[Records supplied]

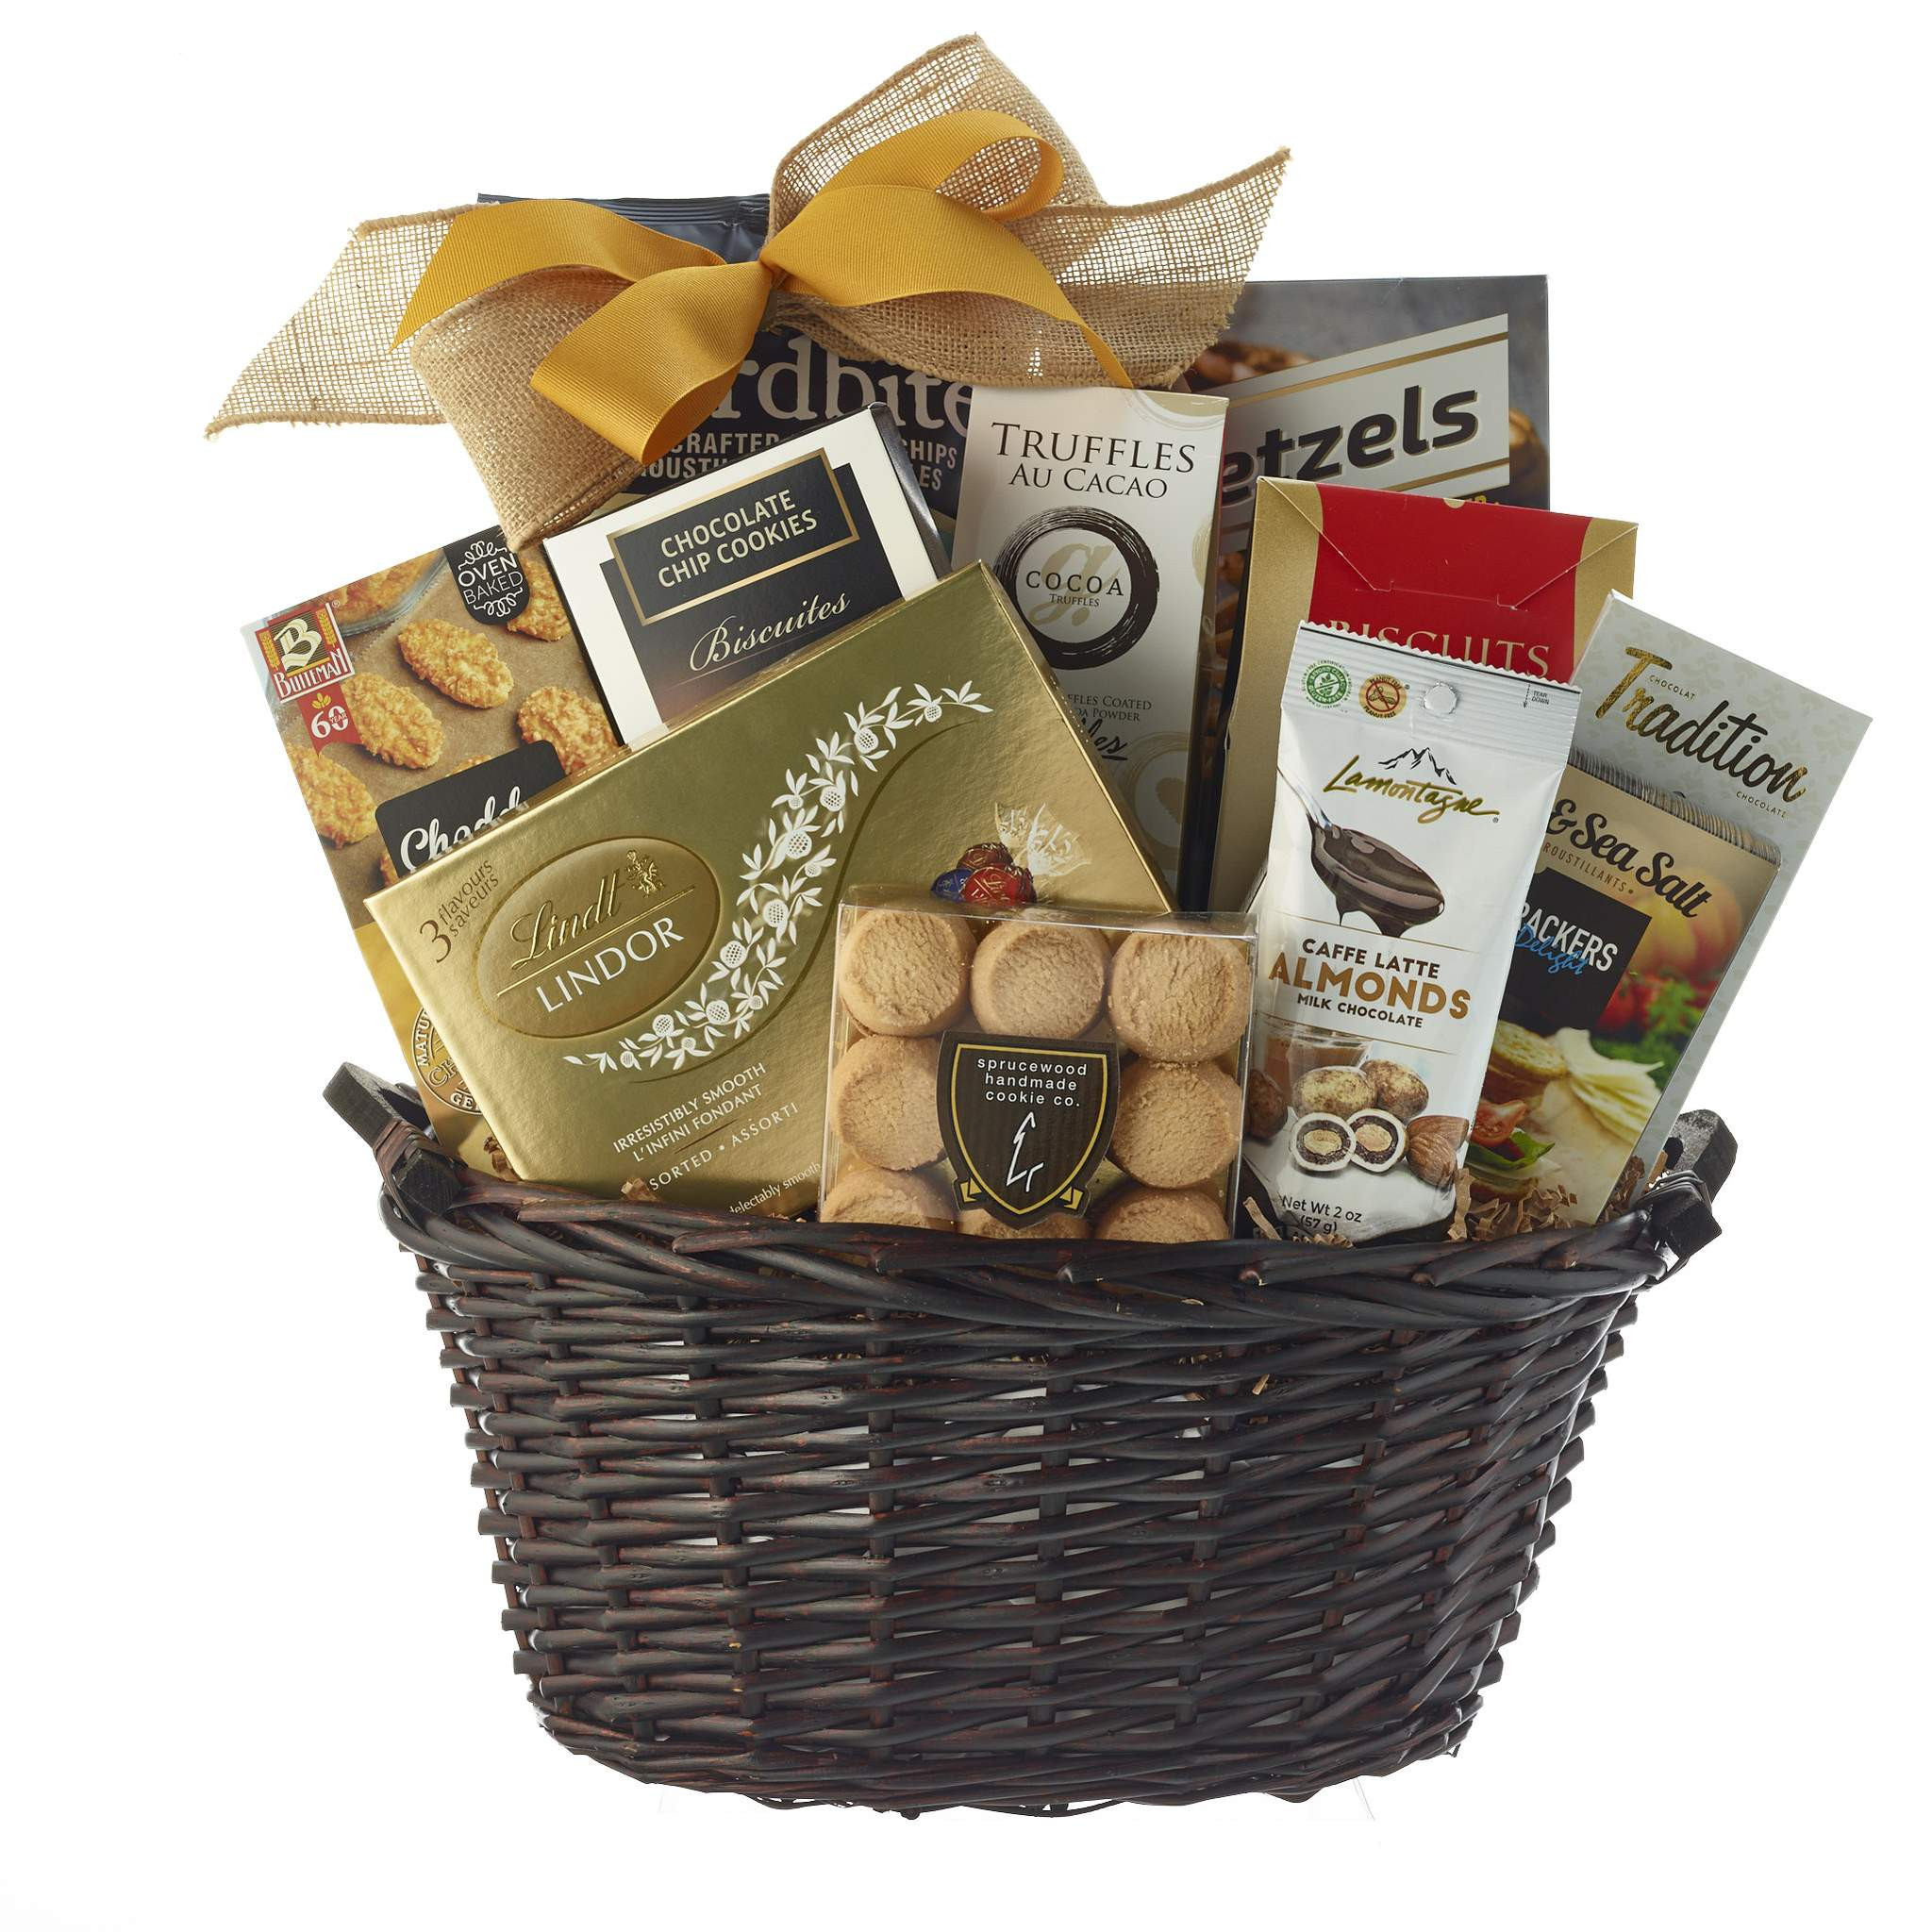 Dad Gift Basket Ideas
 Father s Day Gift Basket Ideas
* * *
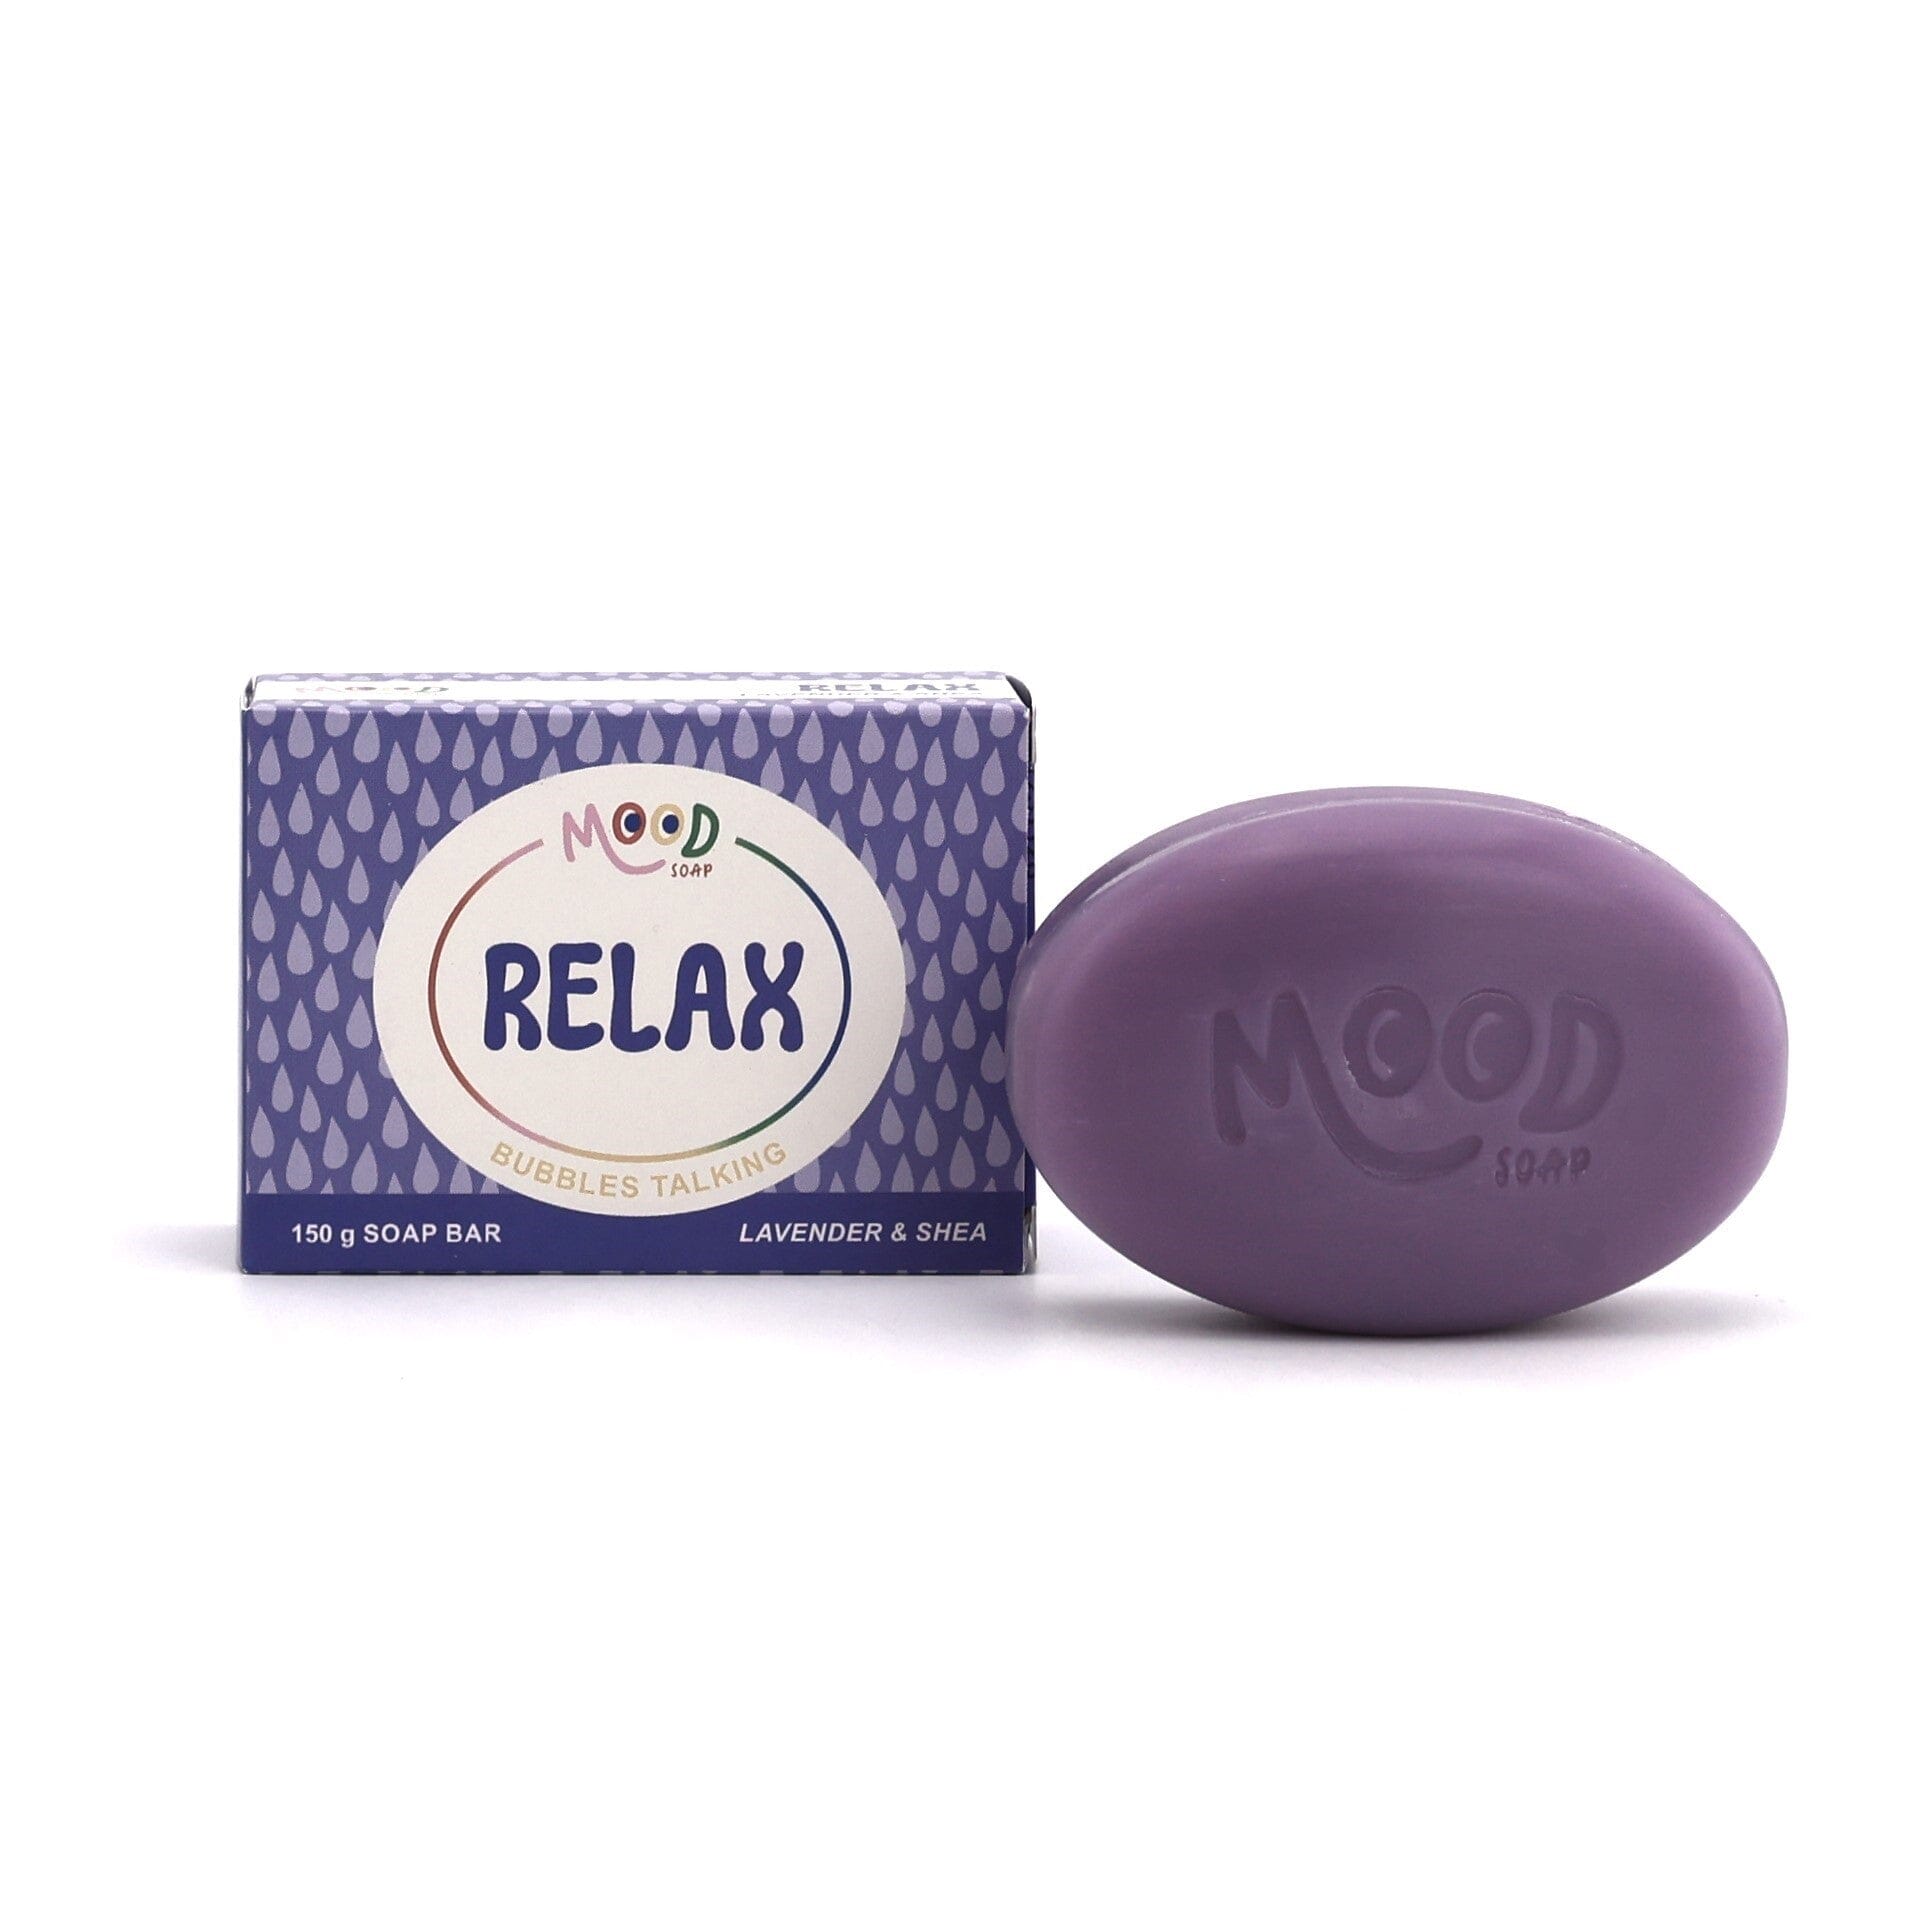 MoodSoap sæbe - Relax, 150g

[Work to complete] Find the line with "Dad Gift Basket Ideas" and the line with "Father s Day Gift Basket Ideas" in the records above. Copy both and all lines between them exactly, without pictures.

[Worked solution]
 Dad Gift Basket Ideas
 Father s Day Gift Basket Ideas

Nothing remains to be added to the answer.